### WHAT YOU NEED TO DO
Beginning with the line that holds "1 African BLOODSTONE" and finishing with the line that holds "The Beatles Backgrounds", repeat the listing exactly, leaving every picture out.

### PROVIDED DATA
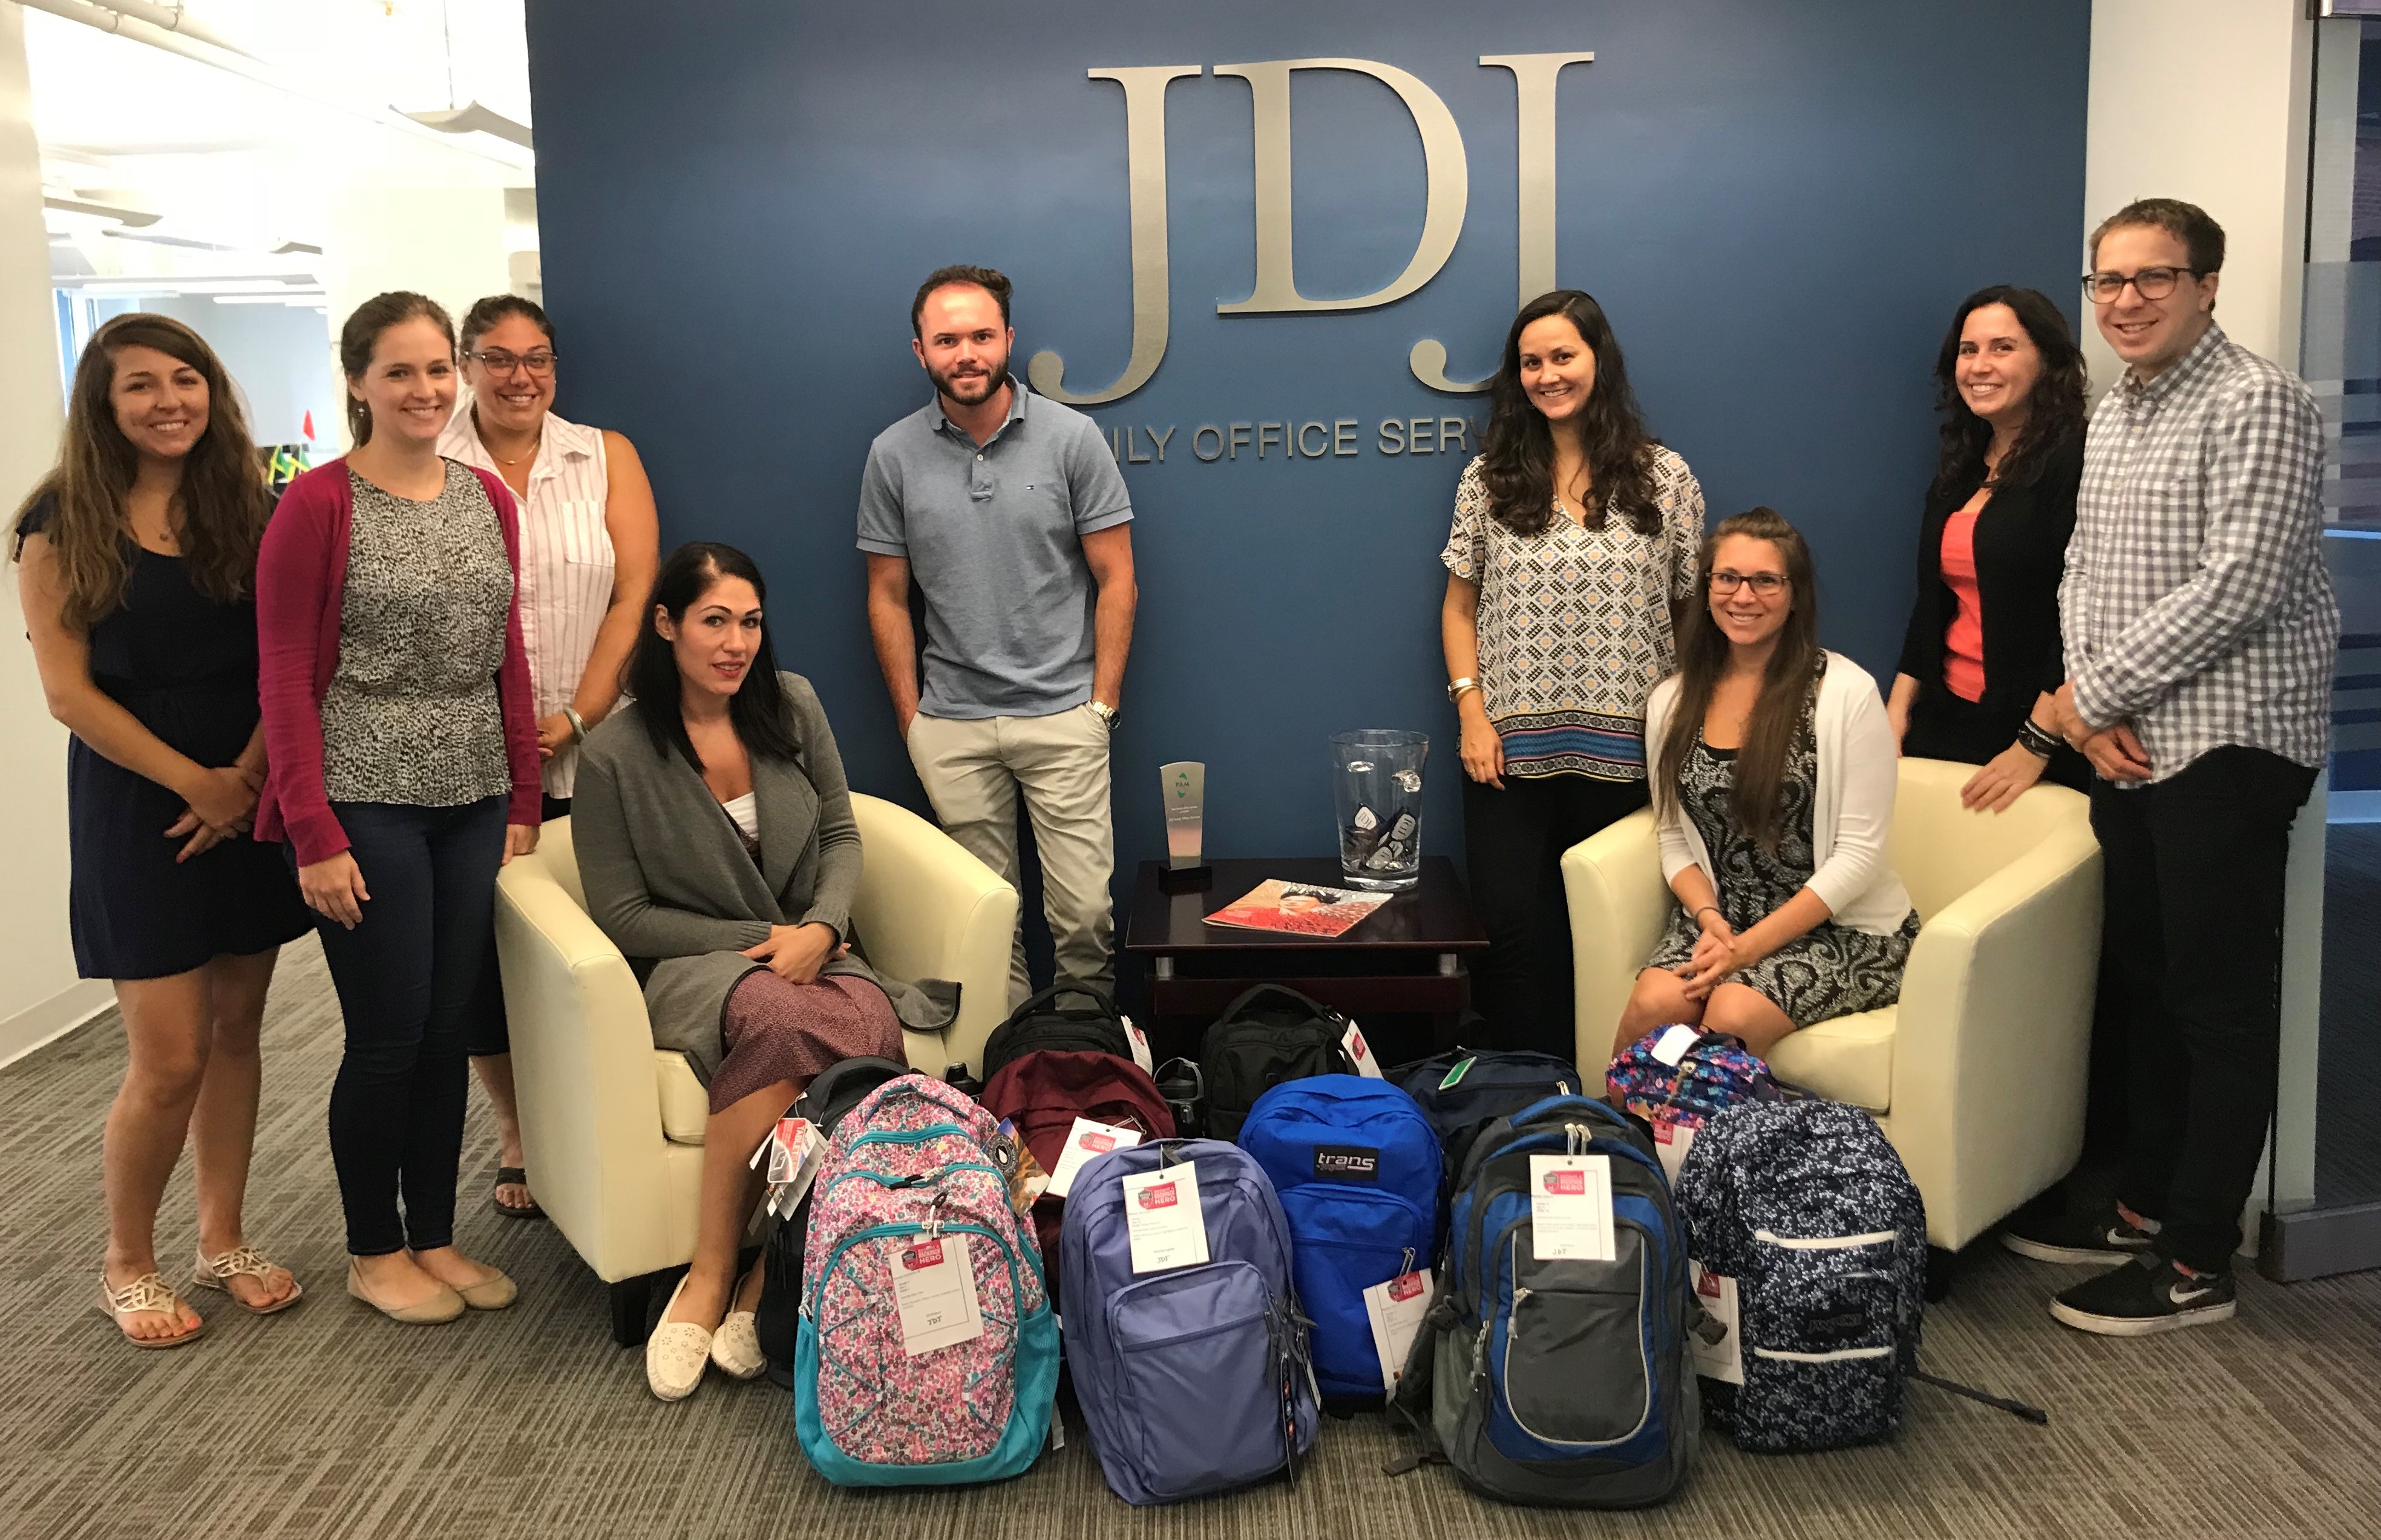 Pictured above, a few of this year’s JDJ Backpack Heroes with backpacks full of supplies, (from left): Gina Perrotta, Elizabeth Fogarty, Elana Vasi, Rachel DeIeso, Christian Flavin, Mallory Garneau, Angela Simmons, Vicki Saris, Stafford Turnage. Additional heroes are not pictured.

==

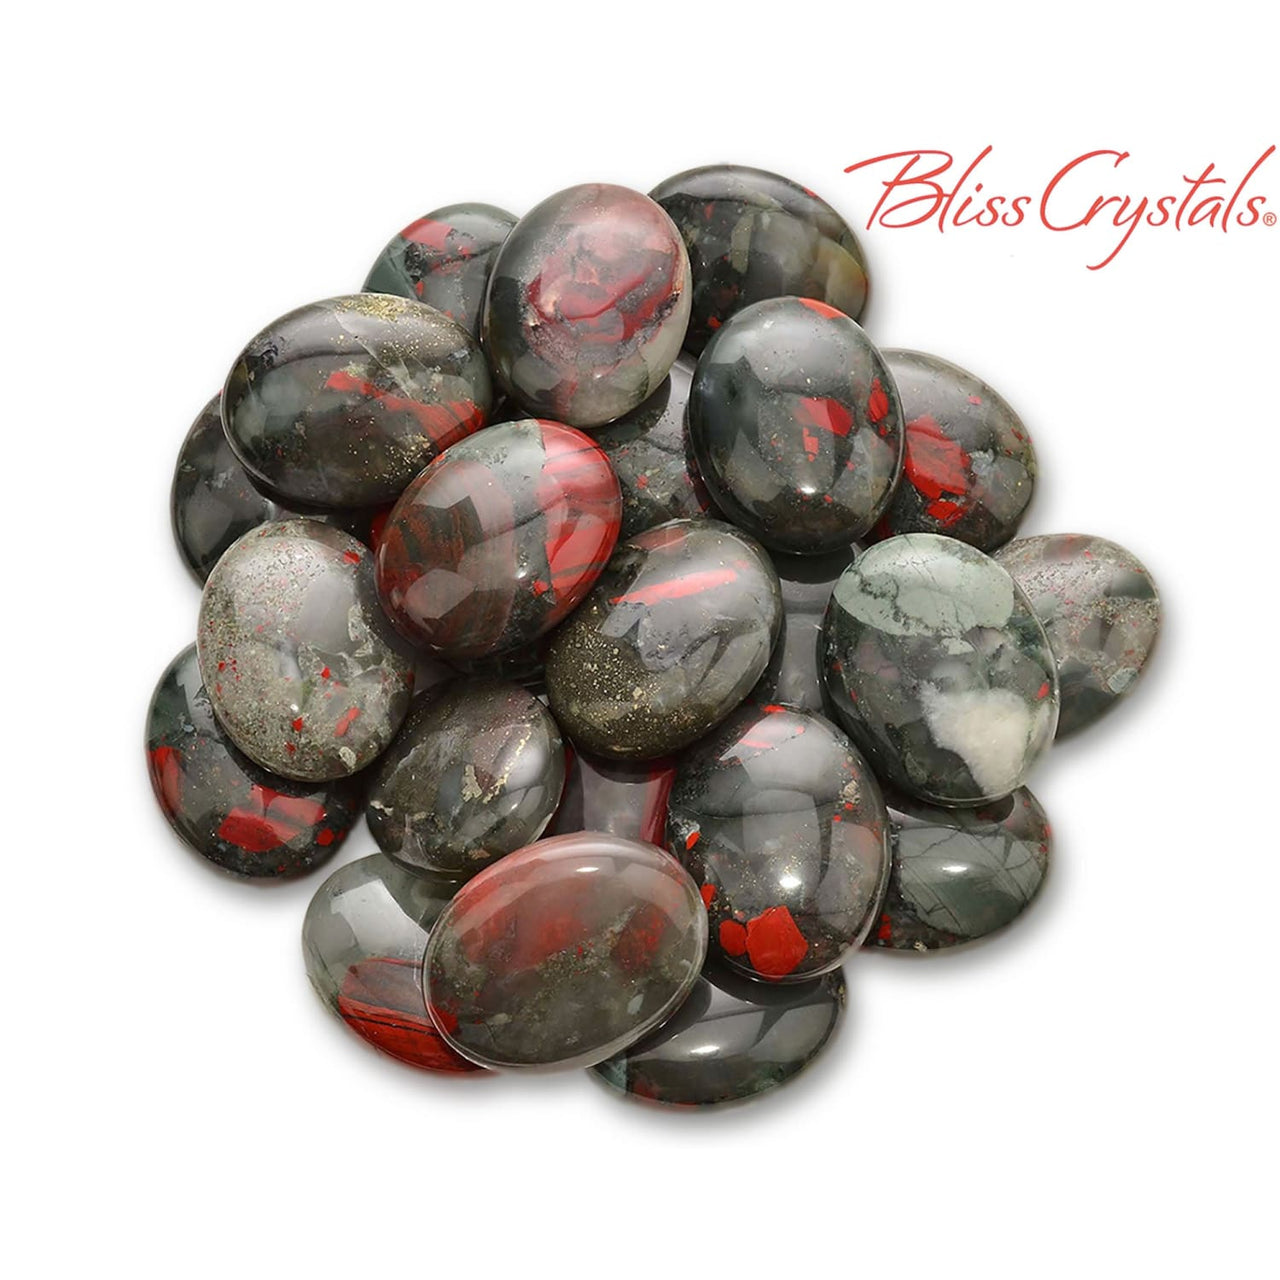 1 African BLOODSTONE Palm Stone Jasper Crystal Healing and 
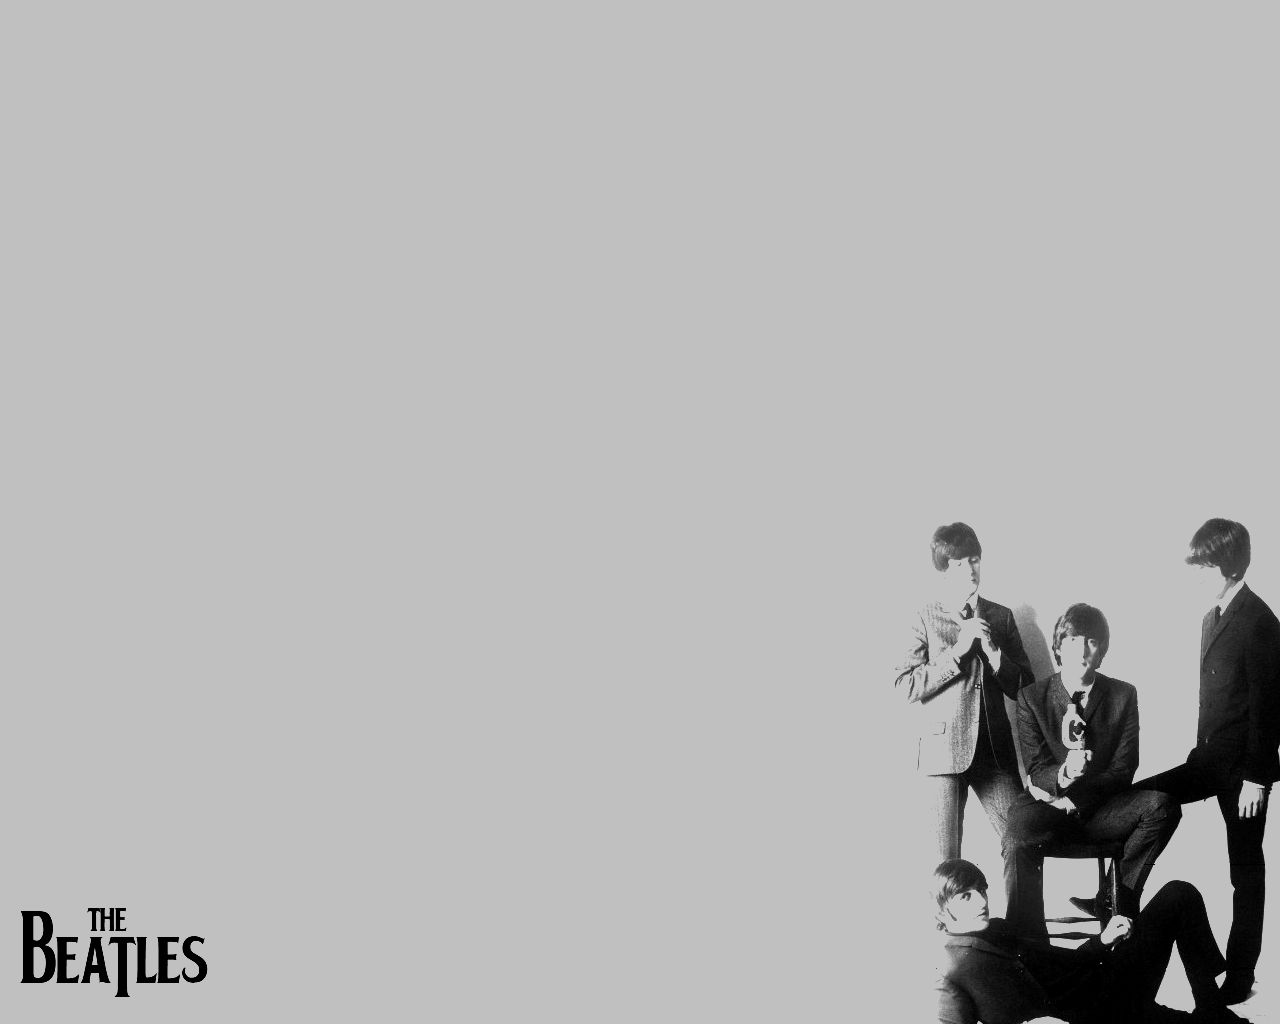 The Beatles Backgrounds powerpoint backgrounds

--

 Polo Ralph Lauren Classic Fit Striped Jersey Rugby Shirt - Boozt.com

### TASK SOLUTION
 1 African BLOODSTONE Palm Stone Jasper Crystal Healing and 
 The Beatles Backgrounds powerpoint backgrounds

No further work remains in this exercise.